A goodness-of-fit test is used to test the hypothesis that an observed frequency distribution fits (or conforms to) some claimed distribution
Notation for testing for goodness-of-fit:
- O: observed frequency of an outcome
- E: expected frequency of an outcome
- k: number of different categories or cells
- n: total number of trials (or total of observed sample values)
- p: probability that a sample value falls within a particular category
Requirements for testing for goodness-of-fit:
- The data have been randomly selected
- The sample data consist of frequency counts for each of the different categories
- For each category, the expected frequency is at least 5
If the expected frequencies are all equal: Calculate E = n/k
If the expected frequencies are NOT all equal: Calculate E = np for each individual category
The observed frequencies are all whole numbers because they represent actual counts, but the expected frequencies need not be whole numbers
"If the P is low, the null must go" (If the p-value is small, reject the null hypothesis that the distribution is as claimed)
X^2 test statistic is a measure of the discrepancy between observed and expected frequencies
The theoretical distribution of sum(O-E)^2/E is a discrete distribution because the number of possible values is finite. The distribution can be approximated by a chi-square distribution, which is continuous. This approximation is generally considered acceptable, given that all expected values E >= 5
The number of degrees of freedom reflects the fact that we can freely assign frequencies to k-1 categories before the frequency for every category is determined

11-2 Contingency Tables

A contingency table (or two-way frequency table) is a table consisting of frequency counts of categorical data corresponding to two different variables (one variable used to categorize rows, the second variable used to categorize columns)

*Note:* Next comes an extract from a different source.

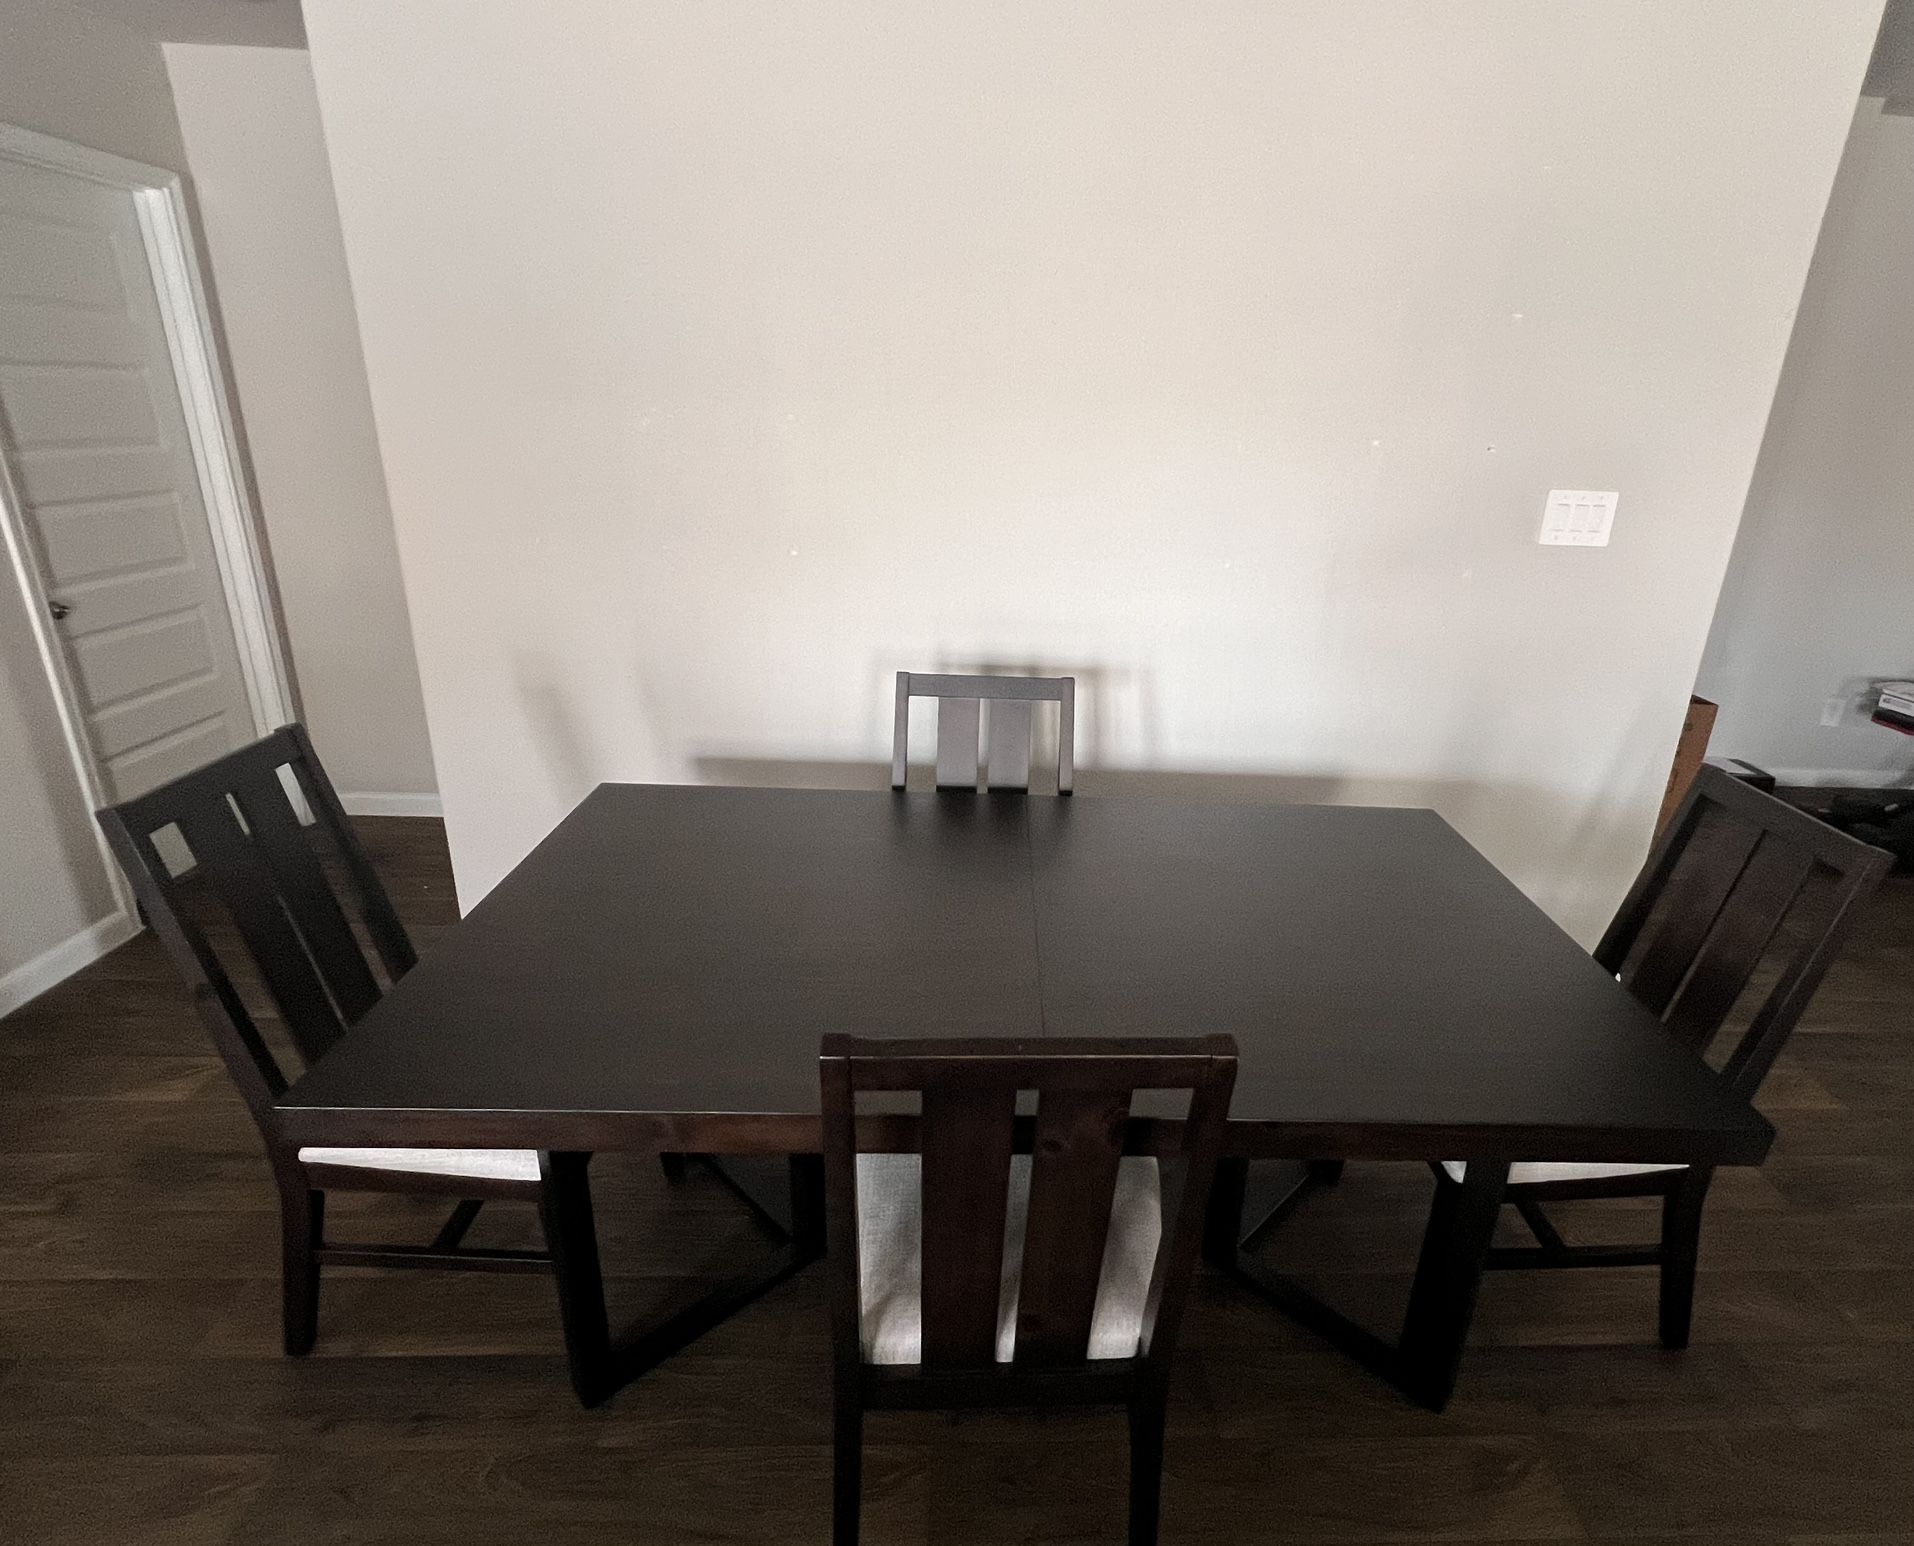  Emiliano Extension Dining Set $600 OBO

In a test of independence, we test the null hypothesis that in a contingency table, the row and column variables are independent
Notation for contingency table:
- O: observed frequency in a cell
- E: expected frequency in a cell
- r: number of rows in a contingency table
- c: number of columns in a contingency table
Requirements for contingency table:
- Sample data are randomly selected
- Sample data are represented as frequency counts in a two-way table
- For every cell in the contingency table, the expected frequency E is at least 5
Degrees of freedom = (r-1)(c-1)
Test of independence with a contingency table are always right-tailed
The distribution of the test statistic X^2 can be approximated by the chi-square distribution
E = (row total * column total) / (grand total)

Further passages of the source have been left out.